Model-generated TCs were detected following Harris et al. (2016) and M15. Briefly, the tracking scheme applies the flood fill algorithm to find closed contours of some specified negative sea level pressure (SLP) anomaly with a warm core (temperature anomaly higher than 1 K for FLOR and 2 K for HiFLOR). The detection scheme also requires that a TC have a duration of at least 36 h while maintaining its warm core in addition to a specified surface wind speed criterion (15.75 m s−1 for FLOR and 17.5 m s−1 for HiFLOR). The model-dependent thresholds for the warm core and surface wind speed are necessary because TC structure critically depends on horizontal resolution; FLOR simulates weaker storms relative to HiFLOR/observations (M15).

b. Observational datasets

The observed TC “best track” data for the period 1980–2015 were obtained from the National Hurricane Center “best track” hurricane database (HURDAT2) (Landsea and Franklin 2013) and Joint Typhoon Warning Center (JTWC) as partially archived in the International Best Track Archive for Climate Stewardship (IBTrACS, version 03 release 07) (Knapp et al. 2010). Because the best track data for 2015 were not fully available for the central Pacific Ocean (CPO; Northern Hemisphere 180°–140°W) at this moment, we obtained the 2015 CPO dataset from the Unisys Corporation website (Unisys 2016). We derived TCs with tropical storm intensities or stronger (i.e., TCs possessing 1-min sustained surface winds of 17.5 m s−1 or greater) during the period 1980–2015.
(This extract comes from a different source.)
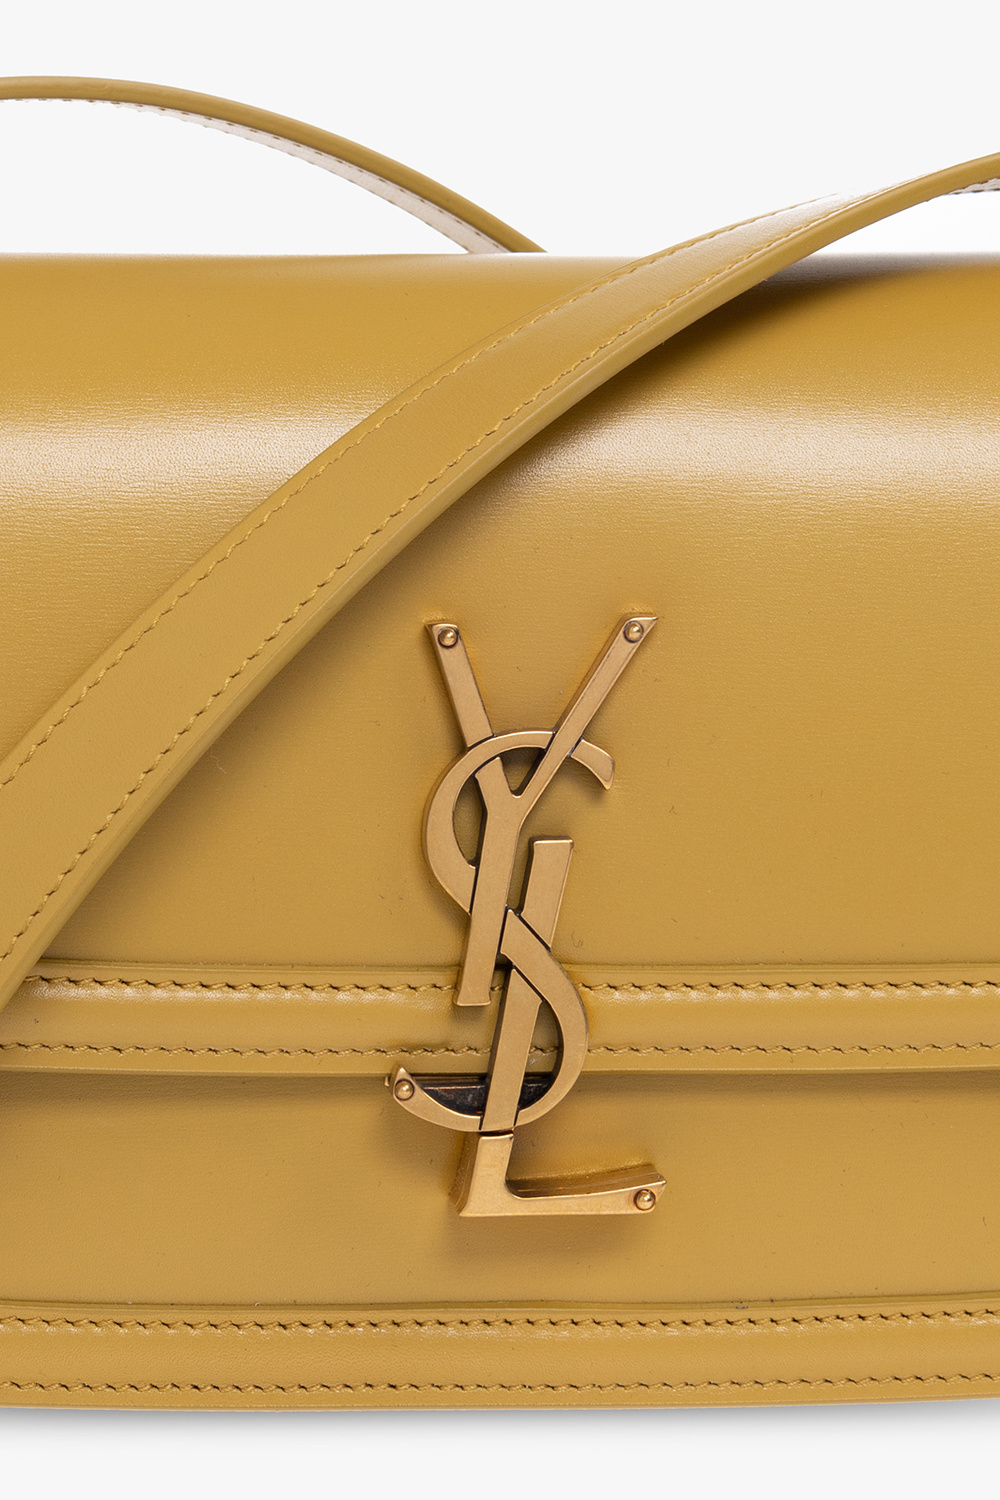 Louis Vuitton Monogram Confidential Square 70 - Vitkac shop online

To address the differences in the forecast skill in the NAT between FLOR and HiFLOR, we will compare the prediction skill in the four key large-scale parameters relative to observations. The four parameters are geopotential height at 500 hPa over the subtropical ENP Φ500 (20°–40°N, 130°–170°W), vertical wind shear over the tropical NAT Wshear (10°–20°N, 30°–90°W), SST anomaly over the tropical NAT (SSTA; 0°–20°N, 10°–70°W), and relative humidity at 600 hPa over the tropical NAT RH600 (10°–25°N, 10°–90°W). The time series of observed TC frequency in the NAT is highly correlated with those of the area mean values of the key variables in observations (Fig. 1) and predictions [see Fig. 3 in Murakami et al. (2016)]. Murakami et al. (2016) discussed the reason why Φ500 over the subtropical ENP shows a high correlation with TC frequency in the NAT. When the anomaly of Φ500 is positive in the subtropical ENP, the geopotential height is negative in the subtropical NAT (30°–50°N, 55°–75°W) through a series of wave trains along the subtropical westerly jet associated with a part of the so-called Pacific–North American (PNA) pattern. We use the Hadley Centre Sea Ice and Sea Surface Temperature dataset, version 1.1 (HadISST1.1) (Rayner et al. 2003), and the Japanese 55-year Reanalysis (JRA-55) (Kobayashi et al. 2015) for the period 1980–2015 as observed SST and atmospheric large-scale parameters, respectively.

Fig. 1.

Correlation maps between the time series of observed TC frequency in the NAT and observed mean large-scale parameters during July–November 1980–2015 for each 2.5° × 2.5° grid box: (a) Φ500, (b) Wshear (200–850 hPa), (c) SSTA, and (d) RH600. Rectangles indicate key domains for TC frequency in the NAT.

Fig. 1.

Correlation maps between the time series of observed TC frequency in the NAT and observed mean large-scale parameters during July–November 1980–2015 for each 2.5° × 2.5° grid box: (a) Φ500, (b) Wshear (200–850 hPa), (c) SSTA, and (d) RH600. Rectangles indicate key domains for TC frequency in the NAT.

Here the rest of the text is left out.